**Data Bootcamp Final Project**

**Success rate of movies: released date and production cost**


Name: Jaehurn Nam
Net ID: jn1402
N#: N10448338

Description of the project: This project is figuring out the correlation
between the amount of revenue a movie creates and the month it was released in,
and the correlation betwen the amount of revenue a movie creates and the production cost.
For the size of the data, movies released from 1995-2016 are in the dataset.

The data used in this project is imported from 'the-numbers.com.' This site has the data of all movies with the information of their ['title','release_date','production cost', 'domestic gross', 'worldwide gross']. We will look at domestic gross and worldwide gross separately to avoid bias.

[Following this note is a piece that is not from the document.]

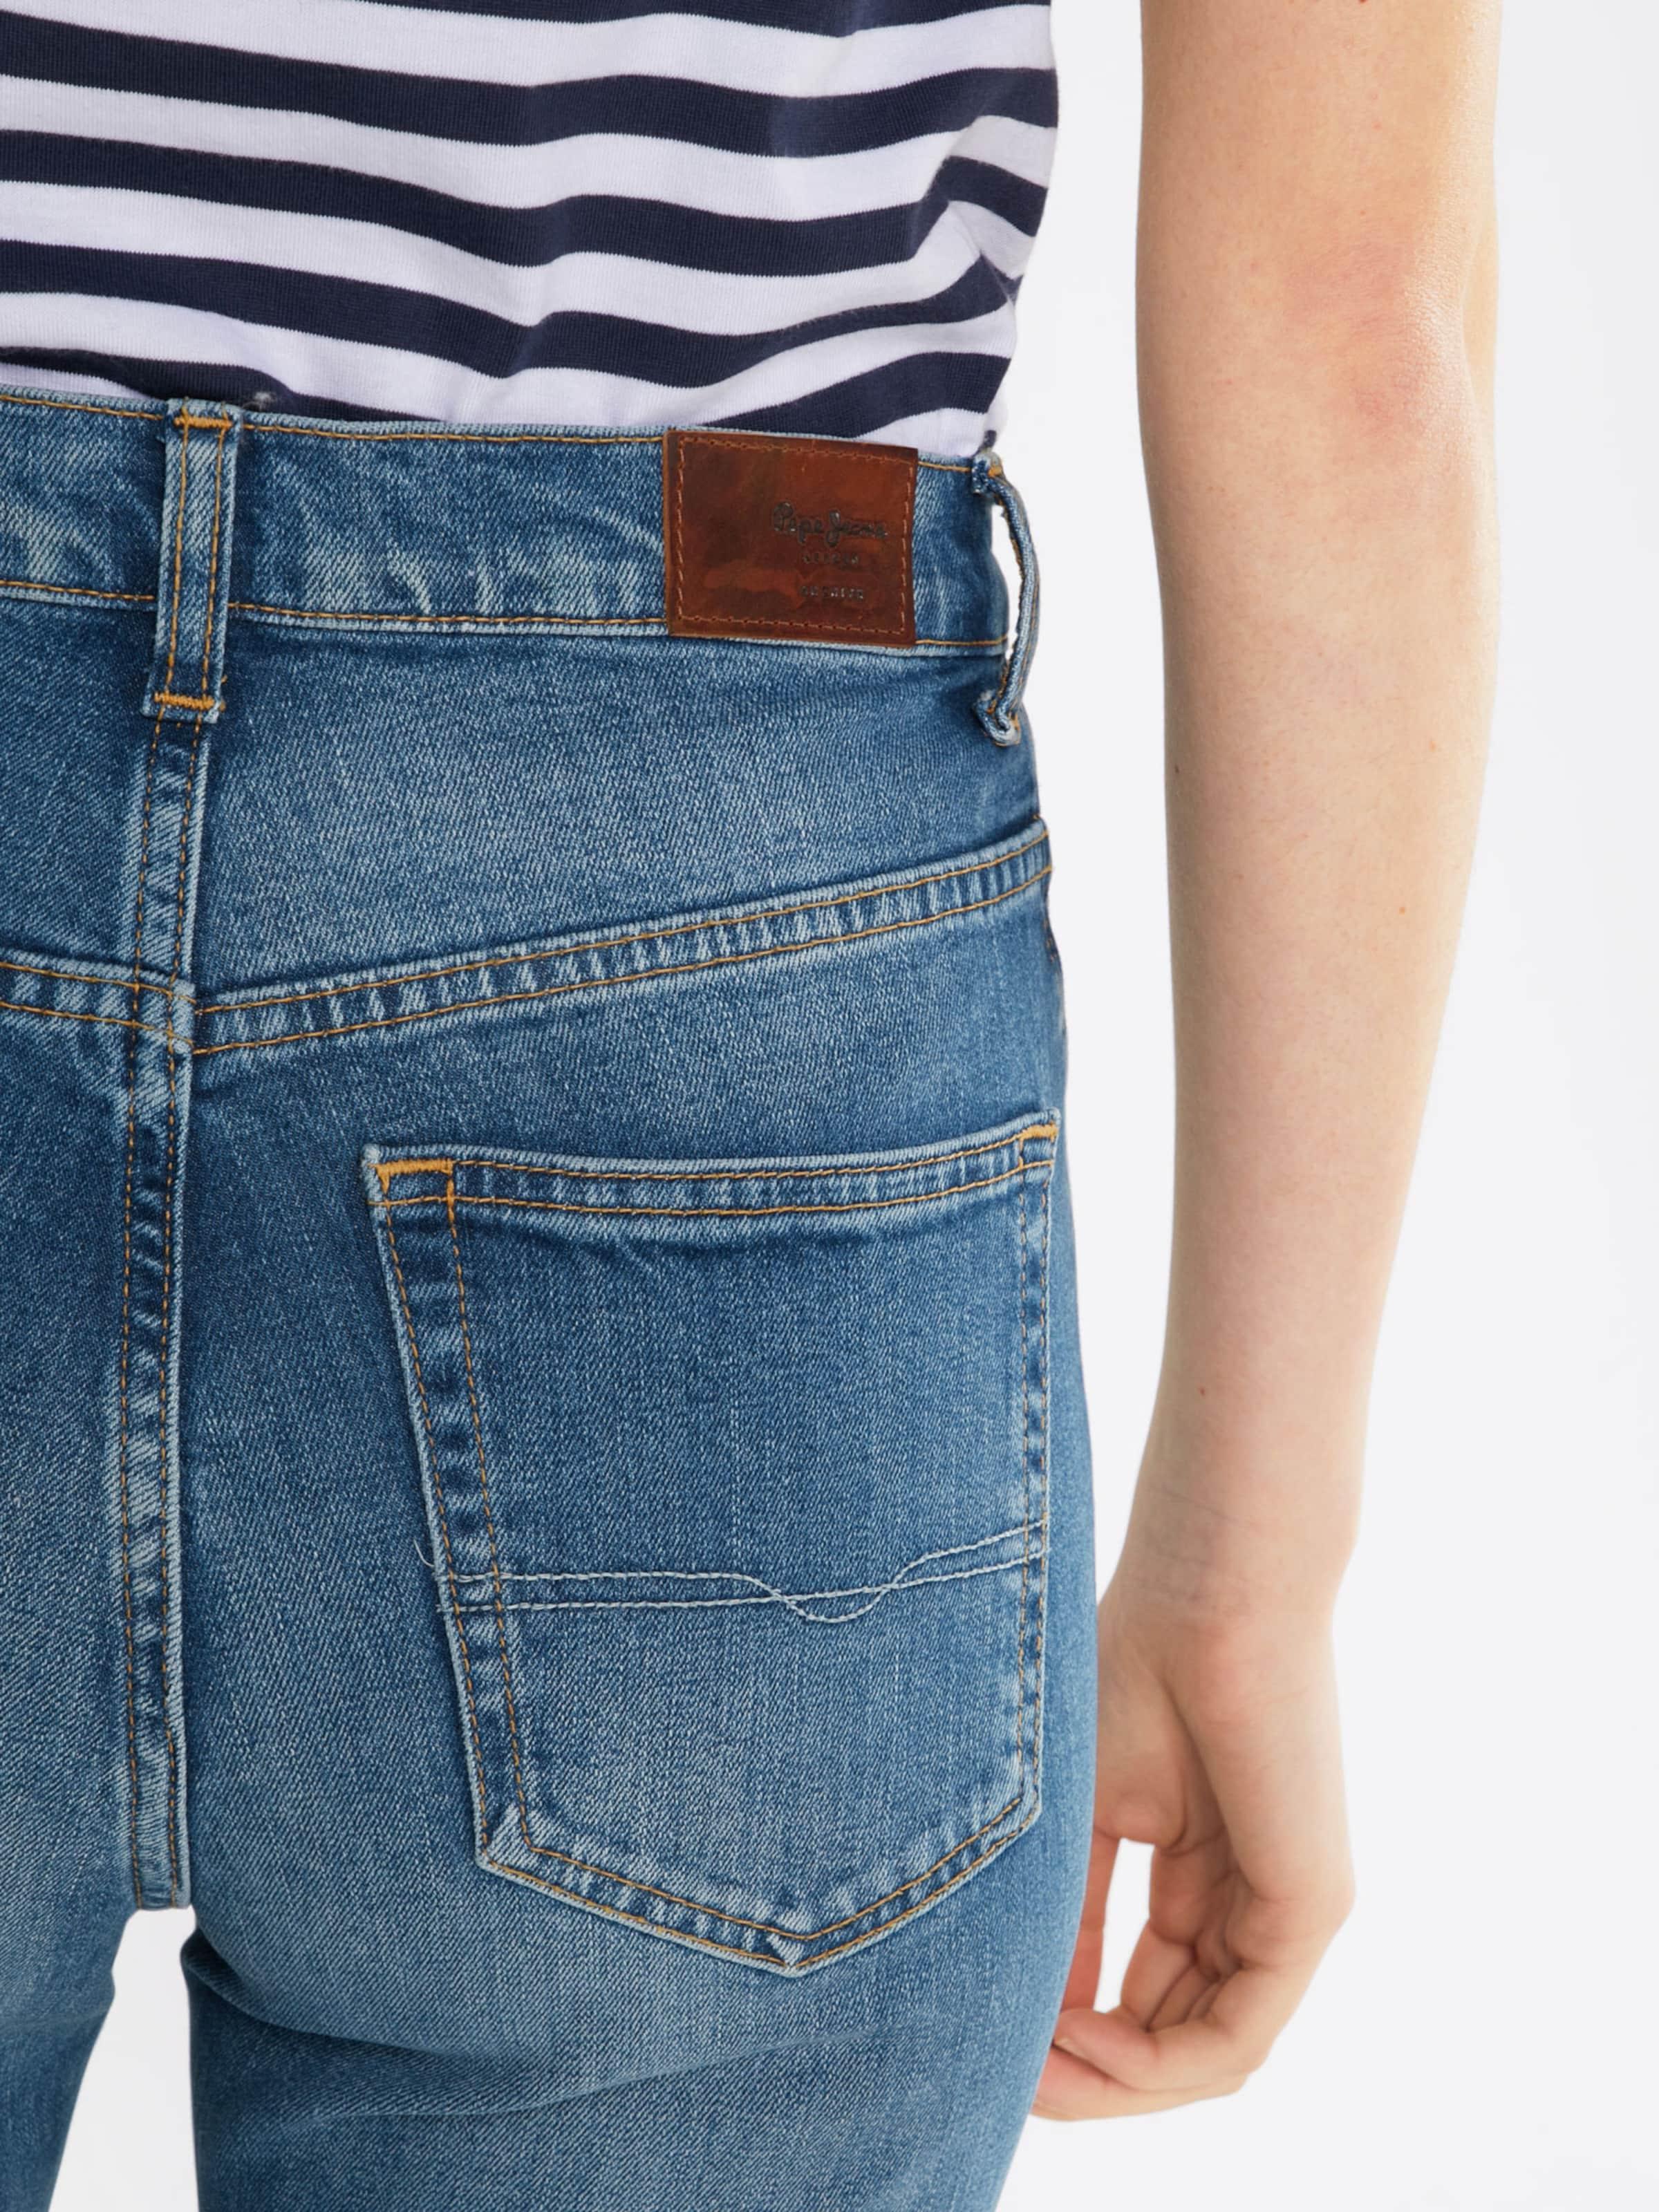 Verkauf Echt Pepe Jeans 'Gladis' Mom-Jeans Bester Verkauf Zum Verkauf Kaufen Online-Verkauf Zuverlässig K1hewO

Also, the site can create different report with certain standards. EX)Movie released within year(1995-2016), production cost(0-1 mil USD), and releaded month(January). With these inbuilt functions, we create the online table, import the table through read_html, play around with them to get more useful data, and then do the analysis/visulaization.

The reason that we import so many separate tables is for two reasons.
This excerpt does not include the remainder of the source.